ミリーside

前までのお姉様はミリーと全然遊んでくれなかったです。


でも、一年ほど前から遊んでくれるようになりました。


それがとっても嬉しくて、お姉様に抱き着くと頭を優しく撫でてくれました。


お日様の匂いがして、温かくて、そんなお姉様がミリーは大好きです。


それからは毎日お姉様に魔法を見せてもらいました。


お姉様の魔法はどれも素敵で、特に好きだったのは、ハナビ? というとっても綺麗な魔法です。


そんなある日。


「あ、あれ? う、上手く立てないです...」


急に苦しくなり、その場で倒れ込んで部屋のベッドに運ばれました。


その後はお父様やお母様、お医者様たちが駆け付けてくれましたが、なんだか物凄く悲しい顔をしていました。


そこで感じとってしまいました。


ミリー、死ぬのかな......?


そう呟いた瞬間、お父様たちは更に悲しい顔になり、そんなことないと励ましてくれました。

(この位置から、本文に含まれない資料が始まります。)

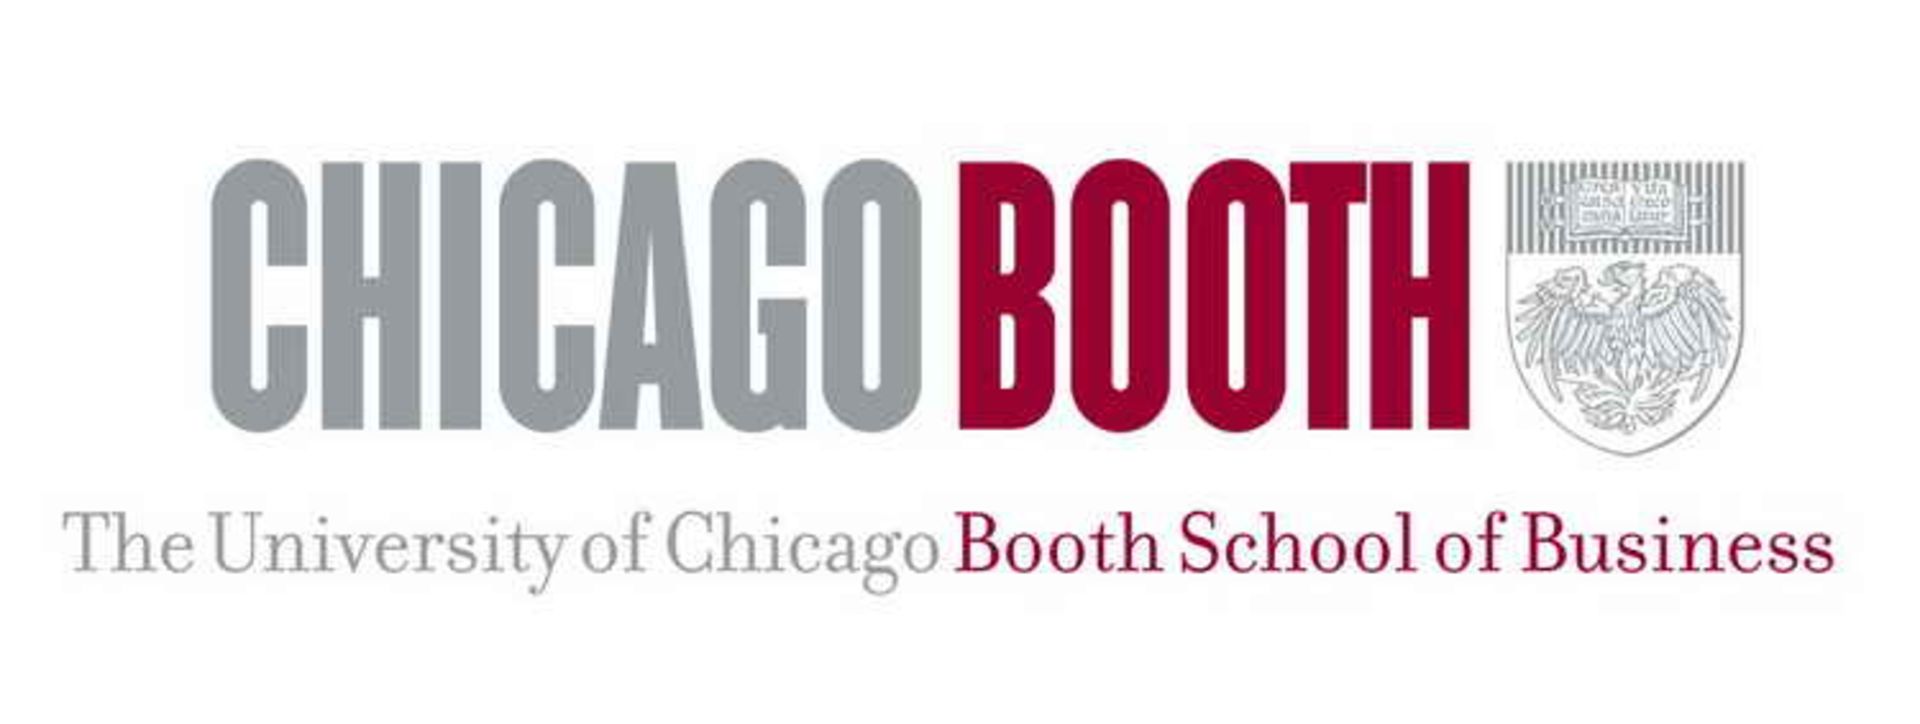 Booth School of Business logo

嘘でも励ましてくれるのは嬉しいです、嬉しいですけど。


死んじゃうのは...悲しいです...


その時、自分が死ぬことを想像して涙が溢れました。


もうみんなに会えないと思うと泣いても泣いても涙が止まらなくて、自分じゃどうしようもなくなって。


く、くるしいよ...誰か...たすけて...おねがい...だから......


そんな時、部屋のドアが勢いよく開きました。


「ミリー大丈夫!?」


大好きなお姉様でした。


お姉様は心配そうに駆け寄ってきます。


昔は冷たかったお姉様が、今ではこんなにもミリーのことを心配してくれている。それがとても嬉しいです。


でも、そんな日々ももうすぐ終わりだと思います。


だってミリーは――


その時、お姉様がミリーの左手を両手で強く握りました。


「待っててミリー!! お姉様が必ずあなたを救ってみせるわ!!」


そしてお姉様の魔法が全身を包みました、それはまるでお姉様自身に優しく包み込まれているみたいで、とても落ち着きました。


やがて全身を包んでいた優しい光は消えていきます。


それはお姉様がミリーの前から居なくなってしまうようですごく嫌でした。


光が消えると、先ほどまでの苦しみは嘘のように無くなっていました。


そして、お姉様もミリーの手を握ったままそこに居ました。


さっきはお姉様が居なくなってしまう気がしたので、ほっとします。


「どう? ミリー、苦しくない?」


お姉様の優しい声を聞いた瞬間、先ほどまでの感情がぐちゃぐちゃになって押し寄せてきました。


自分が死んでしまうこと。

もう二度とみんなに会えないこと。

そして、お姉様が自分の前から居なくなってしまうこと。


自分一人じゃ抱えきれなくなり、たまらずお姉様に抱き着きます。


その時――


「よしよし、お姉様がずっと傍にいるから大丈夫よ」


お姉様はそう言いました。


「ほ...本当ですか...? ずっとずっと!! ミリーの傍にいてくれますか...?」

「えぇ、もちろんよ。私たちは姉妹なんだから!! だから私はミリーから離れたりしないわ」


お姉様が自分の傍から居なくならないと聞いて、この上ないほどの喜びで胸がいっぱいになりました。


「えへへ、お姉様大好きです!!」


今はこの気持ちを大好きでしか言い表せません、でも大好きなんて言葉じゃ全然足りません。


もっと沢山言葉を覚えなきゃです。


そして誓います、もし今後ミリーとお姉様の間を引き裂く奴や、お姉様を傷つける奴がいたら、


絶対に許さない。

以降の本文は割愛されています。